WHO klasifikasikan virus Nipah sebagai patogen prioritas dengan potensi pandemi.

Rep: Shelbi Asrianti/ Red: Reiny Dwinanda
Kelelawar buah yang terinfeksi menjadi salah satu penyebab penyebaran virus Nipah. Seorang warga Bangladesh terinfeksi virus Nipah setelah minum sari kurma yang terkontaminasi.
Foto: EPA
Kelelawar buah yang terinfeksi menjadi salah satu penyebab penyebaran virus Nipah. Seorang warga Bangladesh terinfeksi virus Nipah setelah minum sari kurma yang terkontaminasi.

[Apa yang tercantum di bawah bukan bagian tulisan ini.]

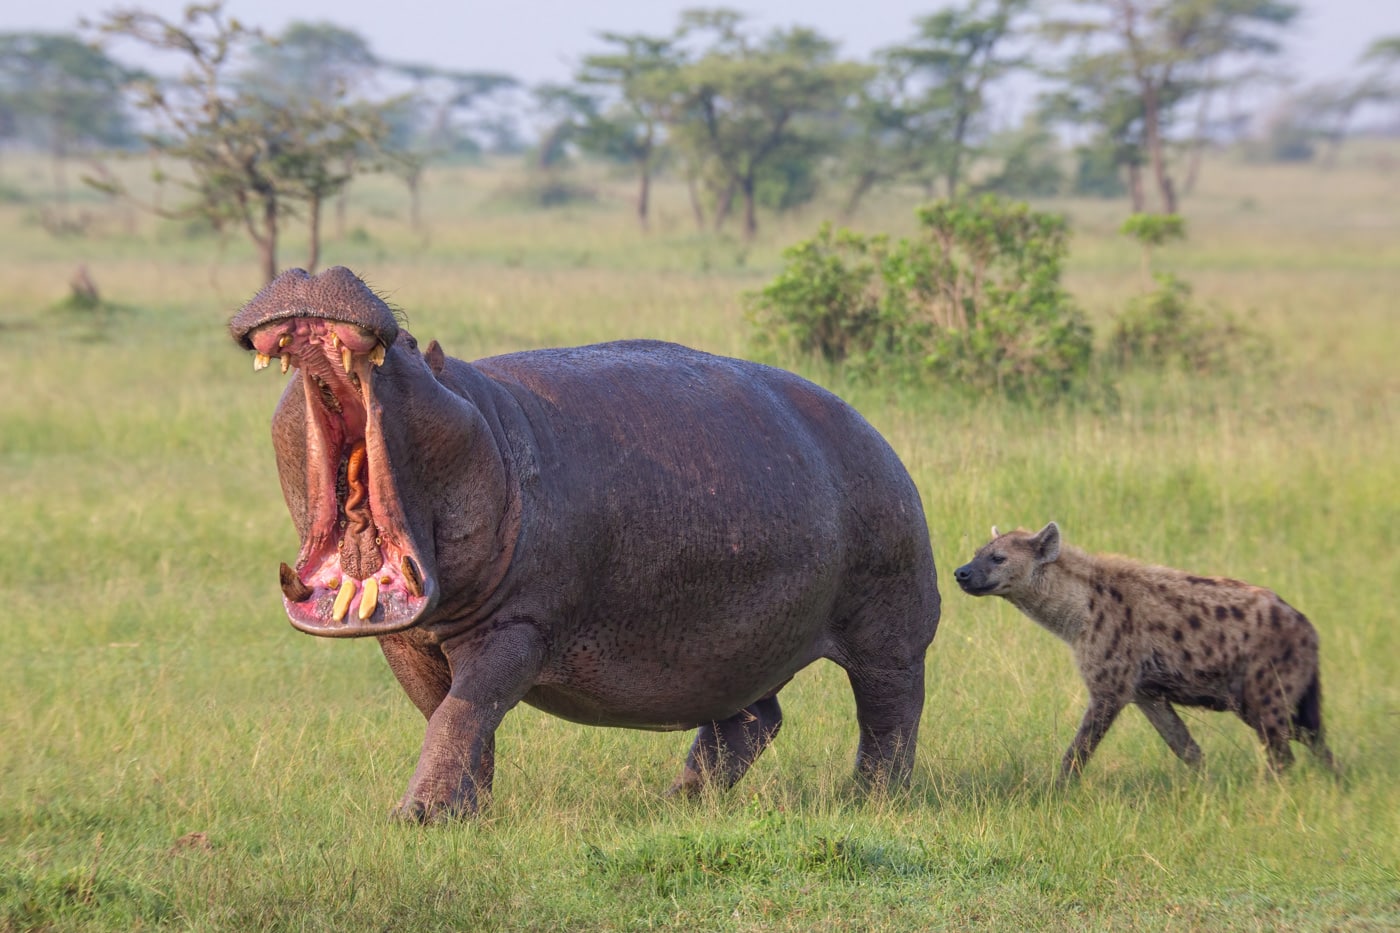 Hippo Walking On The Grass With Open Mouth While Spotted Hyena S

REPUBLIKA.CO.ID, JAKARTA -- Seorang pria asal Bangladesh yang tidak diungkap identitasnya dilaporkan meninggal dunia karena virus Nipah. Dia mengalami pembengkakan otak setelah meminum sari kurma mentah yang terkontaminasi urine atau air liur kelelawar buah yang terinfeksi virus tersebut.

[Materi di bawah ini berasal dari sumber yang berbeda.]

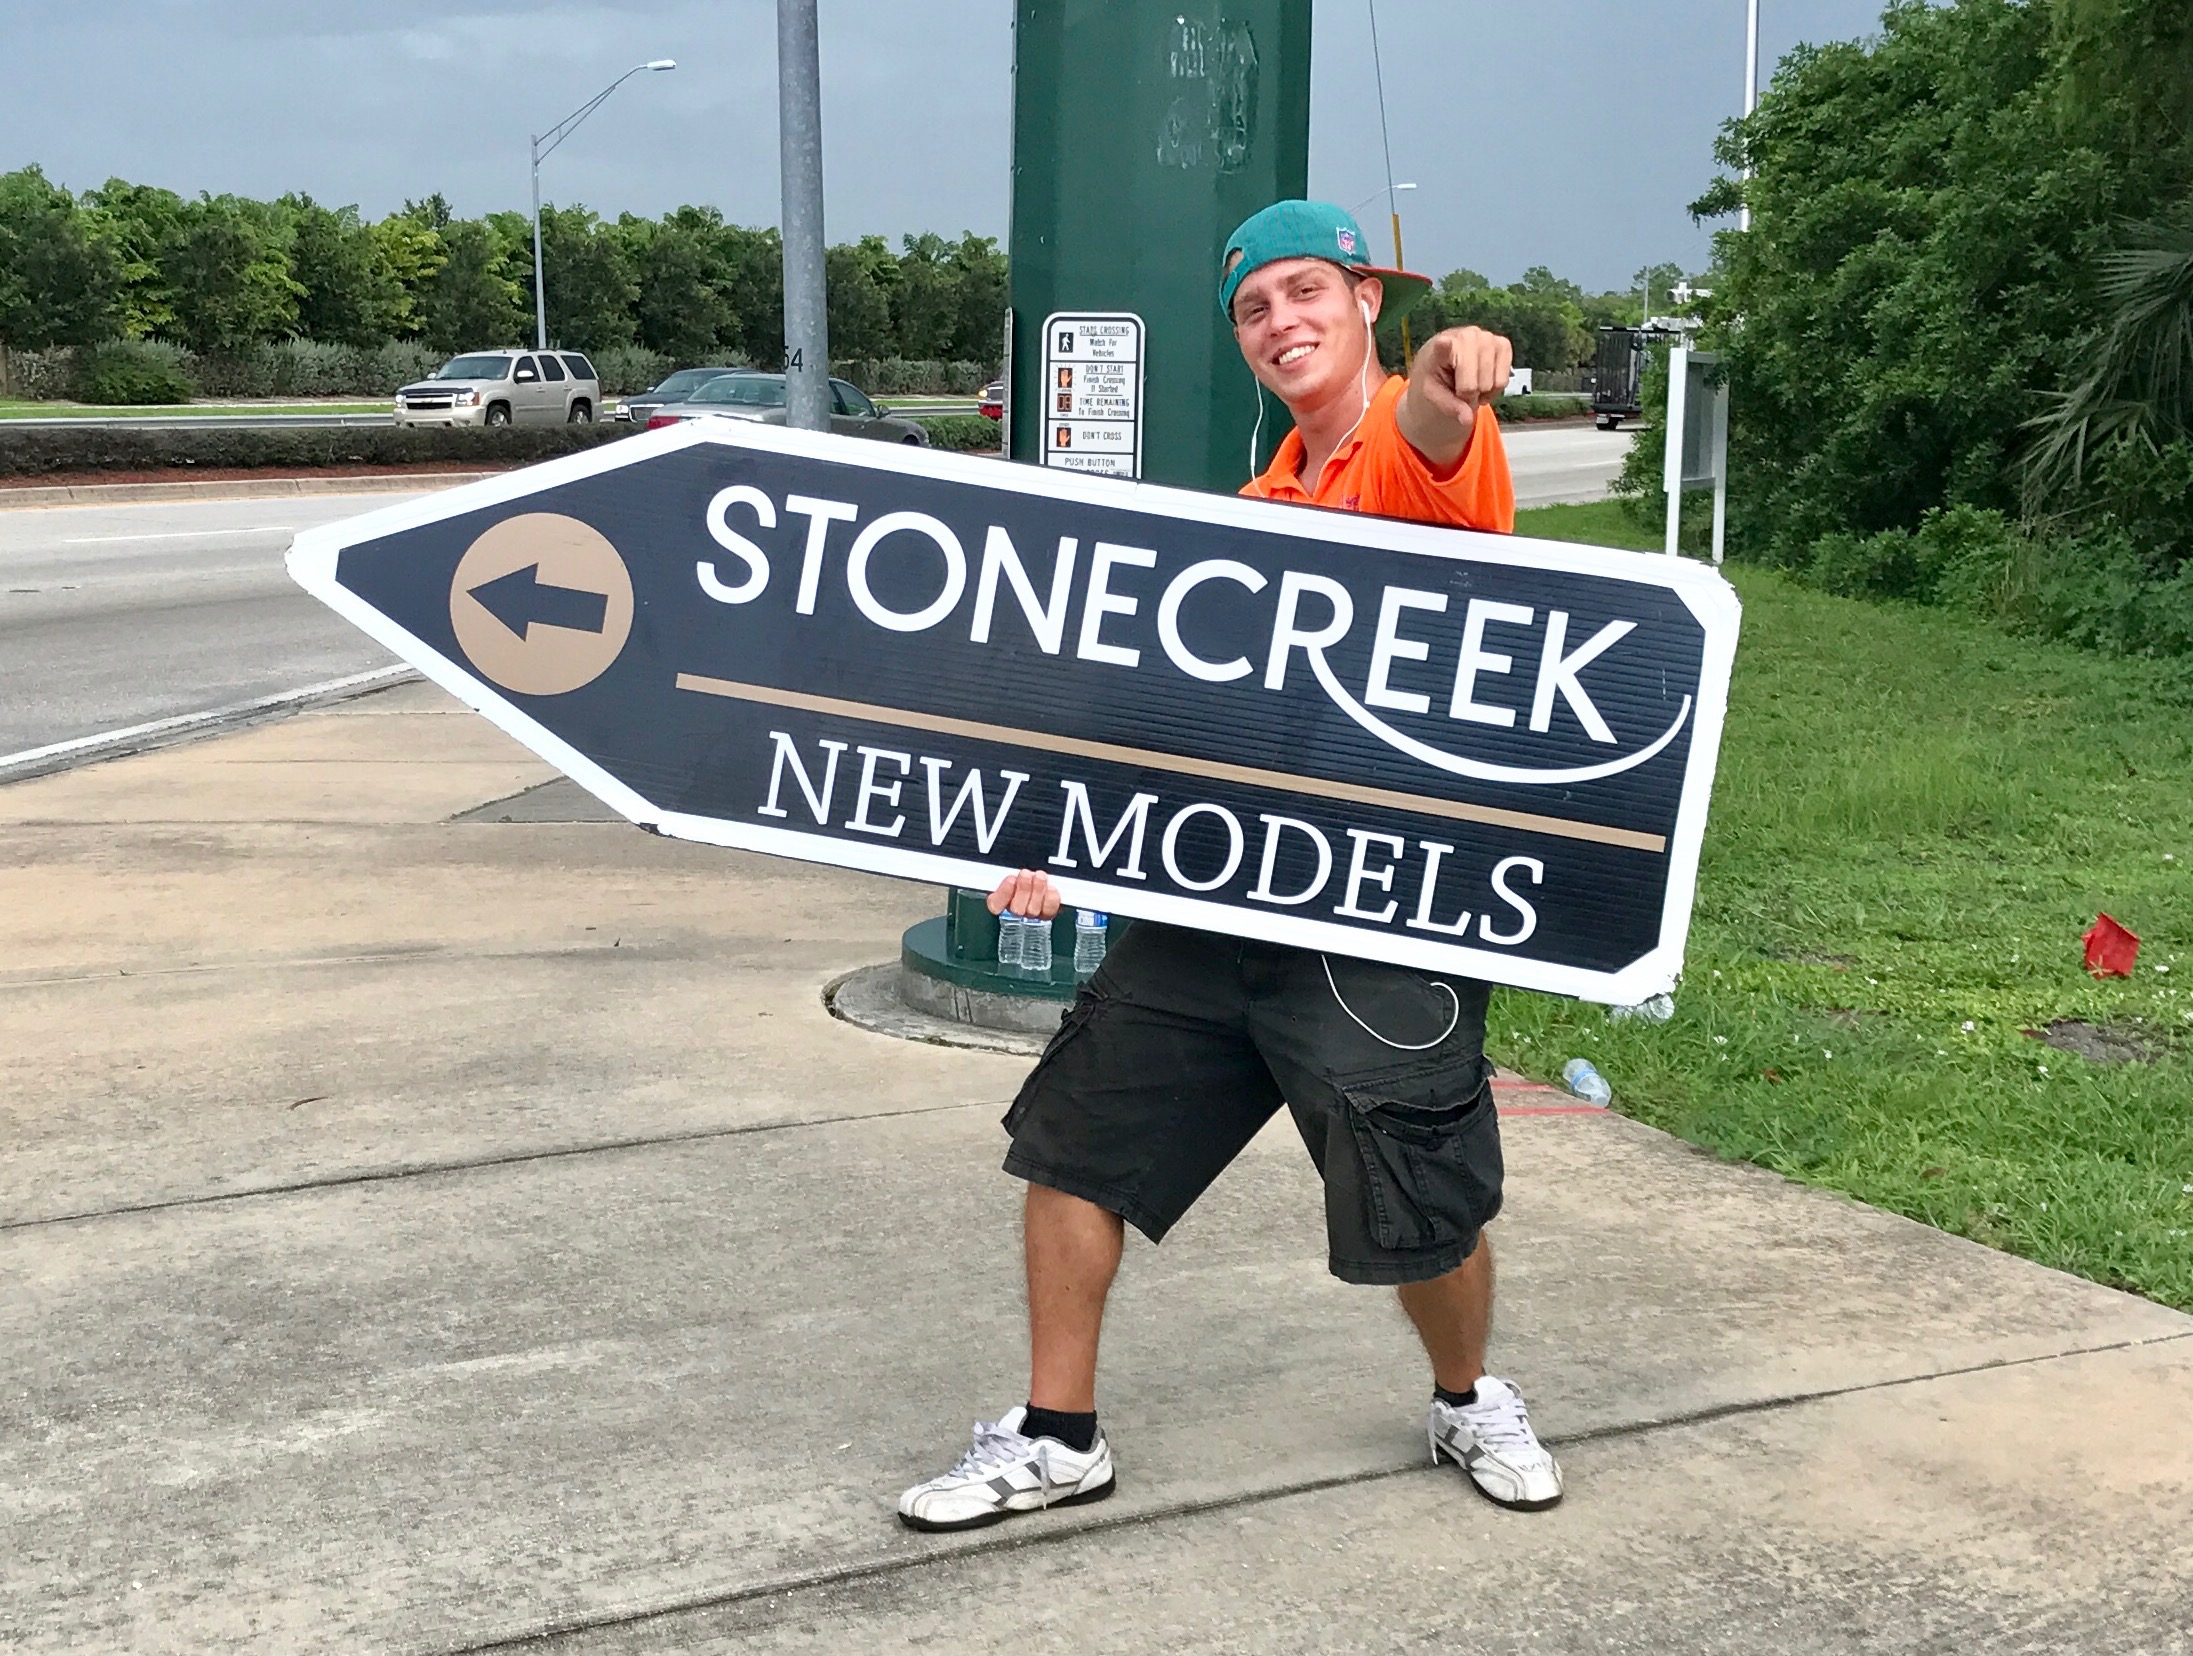 Sign Spinners in Fort Myers, Naples and Cape Coral

Virus Nipah, yang menginspirasi cerita dalam film blockbuster Contagion tentang pandemi global, bisa menewaskan hingga 75 persen orang yang terinfeksi. Direktur Institut Epidemiologi, Pengendalian dan Penelitian Penyakit (IEDCR) Kementerian Kesehatan Bangladesh, Tahmina Shirin, telah mengonfirmasi kasus kematian itu.

Baca Juga

"Sampelnya dikirim untuk uji laboratorium, dan hasilnya positif. Kami mengetahui bahwa orang tersebut meminum sari kurma mentah," ungkap Shirin, dikutip dari laman The Sun, Rabu (31/1/2024).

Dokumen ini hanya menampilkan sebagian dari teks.